There is one important thing to keep in mind about wireless. There is a quantum leap of capacity difference between MOBILE wireless and FIXED wireless, and too many fail to make the distinction.
Mobile wireless makes substantial sacrifices in speed and performance due to the imbalanced and highly variable return path from a small antenna. There will be constant capacity issues, network overloads and complaints about service coverage on mobile data platforms forever. It has been massively overpromised and 4g/WIMAX/LTE will never be able to deliver true, usable broadband to mobile devices outside of a lab environment or an underpopulated area with few users and a strong cell site nearby. The exponential increase in demand for data and laws of physics will make it impossible to keep up with the consumer demands and expectations. Every provider’s mobile data network will suck, simply because multimedia streaming and the demand for mobile data will massively overload them.
Fixed wireless sacrifices mobility in exchange for a strong return path and a higher signal to noise ratio, which allows for higher data modulation rates and increased capacity. It is also far cheaper to deploy than mobile, highly scalable and not dependent on ridiculously expensive licensed spectrum (although fixed wireless in licensed spectrum can do some pretty amazing things). The combination of ubiquitious unlicensed fixed wireless equipment and the lower hurdles to market entry has also created a petri dish of innovation in services, business models and non-government subsidized expansion of broadband to unserved and underserved areas. Wireless middle mile is also far underrated, as 100meg/300meg and even gigabit wireless backhauls are now available for relatively sane prices and do a wonderful job of completely bypassing all of the tariffs, artifically created intraLATA crossings, facility construction delays and contractual handcuffs. There are many of the old AT&T Long Lines towers in my service area, and we have backhaul facility on several of them. They may not carry as much traffic as fiber, but they carry a lot more traffic than T1s and copper, and that is the true alternative in many of these places for the near future. Wireless middle mile doesn’t have to carry the same amount of traffic that fiber does, it just has to carry ENOUGH traffic to be better than what is already in place.
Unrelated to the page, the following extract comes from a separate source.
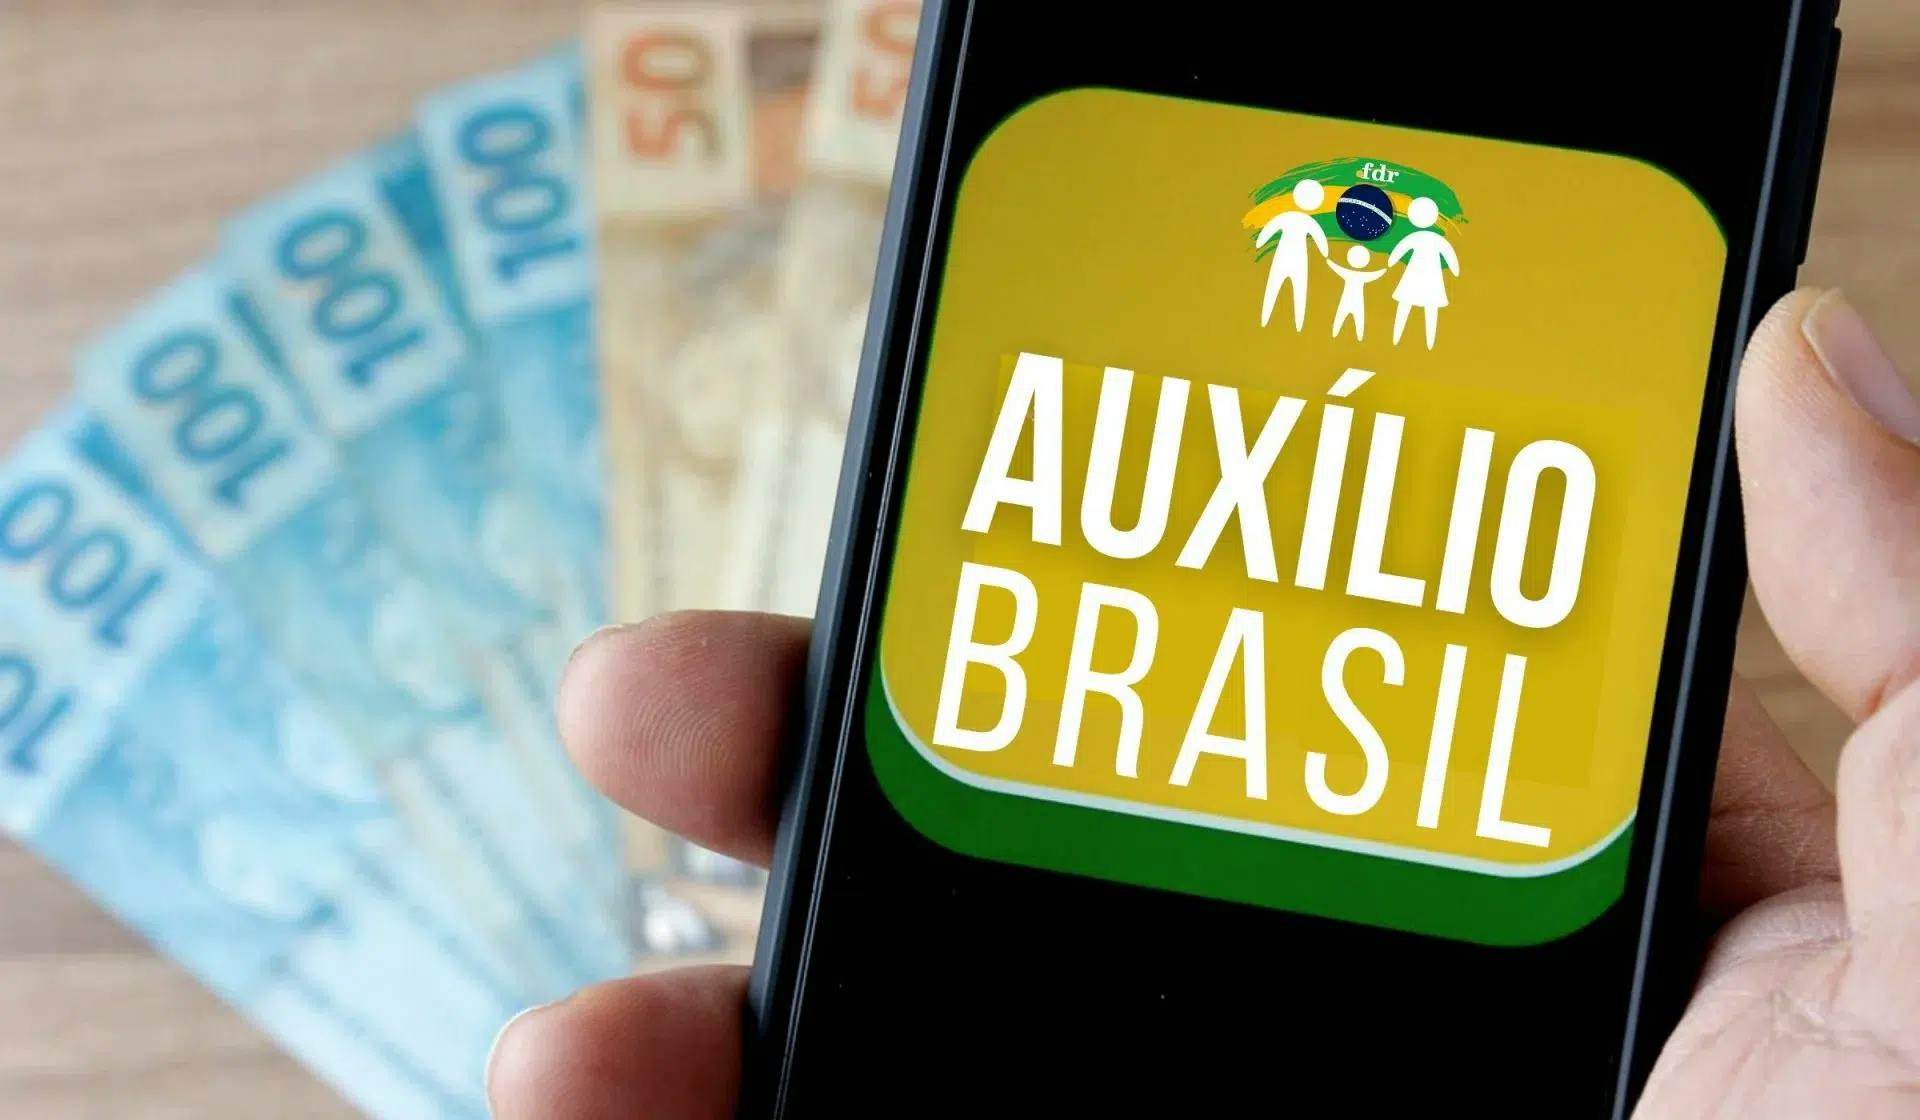 Caixa inicia os pagamentos da terceira parcela do Auxílio Brasil
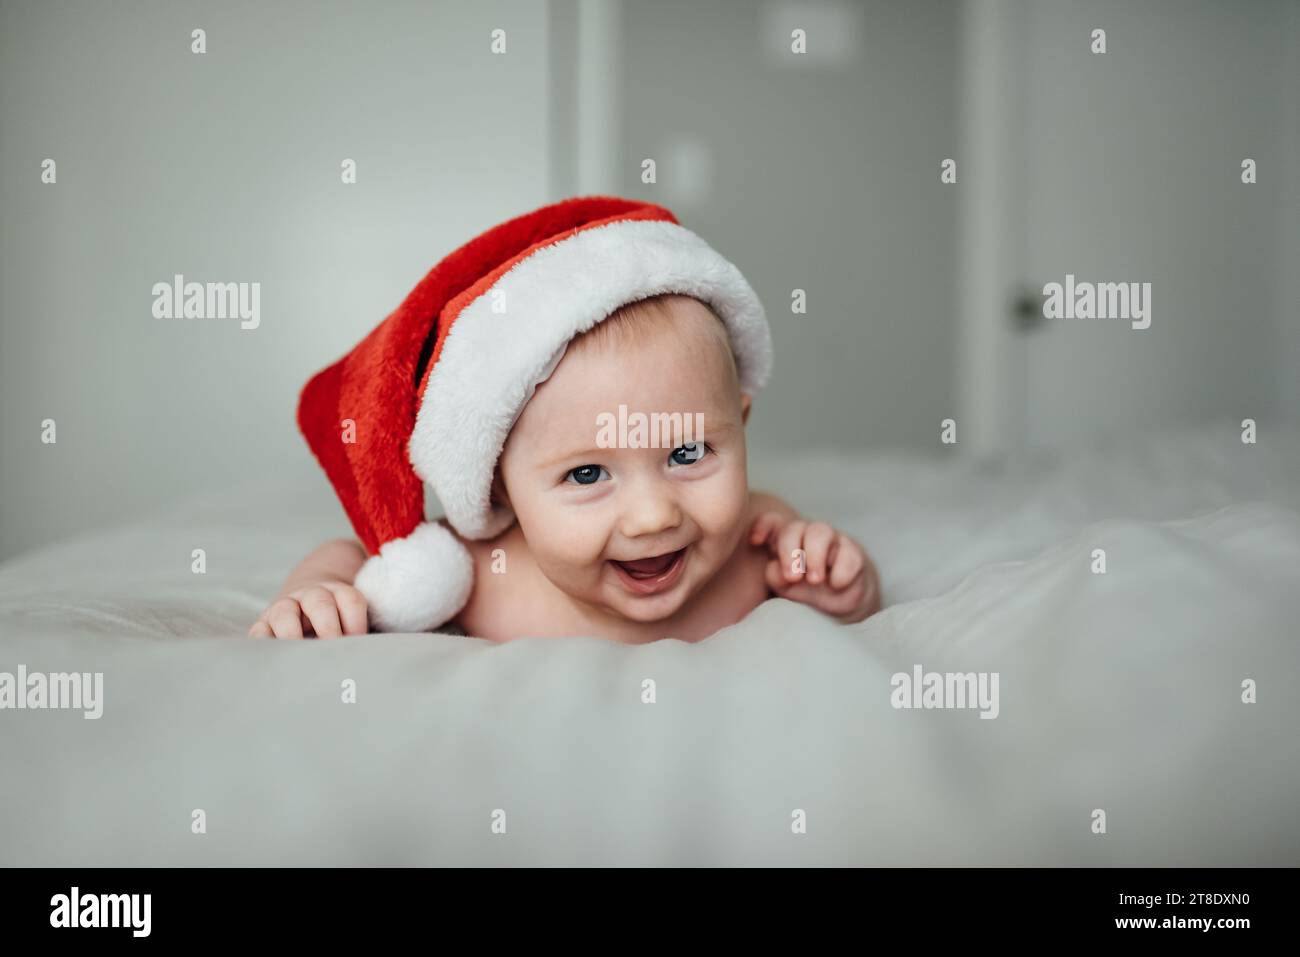 Nahaufnahme eines kleinen Jungen, der Weihnachtsmann-Hut trägt, während er lächelt Stockfoto

The innovation in mobile wireless is focused on the billing systems and marketing campaigns. This weird phenomenon of zombies who are falling all over themselves to get the latest piece of icandy, pay out the nose on a two year contract for AT&T’s awful phone/data service and only get access to apps approved by “Big Brother Jobs” kind of blows my mind. AT&T have created this sense of mass delusion that bypasses the typical person’s common sense and turns them into i-d-10-ts. Do not confuse this mess with the fixed wireless industry. One delivers usable broadband. The other delivers empty promises.
Ian L says
I agree about WiAX being a bunch of empty promises right now, though people have tested it and gotten 15 Mbps down and 5 Mbps up in some real-world situations. Does your ISP offer those speeds?
T-Mobile is launching HSPA+ service in many areas now. Speeds on their service are in excess of 5 Mbps down and 1 Mbps up. Usage is soft-capped at 5GB with throttling beyond, however I have to ask again, “Is your ISP doing 5 Mbps down to consumers at all?”
If you’re going to talk the talk then walk the walk. You can get 802.11n based equipment that can decimate mobile broadband, but unless you use it in the last mile then you can’t really trumpet fixed over mobile.
Don’t get me wrong, even in Golden, CO cell towers are inadequately backhauled, resulting in speeds below 1 Mbps on mobile broadband. However in some areas EvDO nets you 2 Mbps down and 800 kbps up, some of those areas are around here, and I can get unlimited service at that speed for $70 per month. Not exactly a night and day difference between “them” and “us.”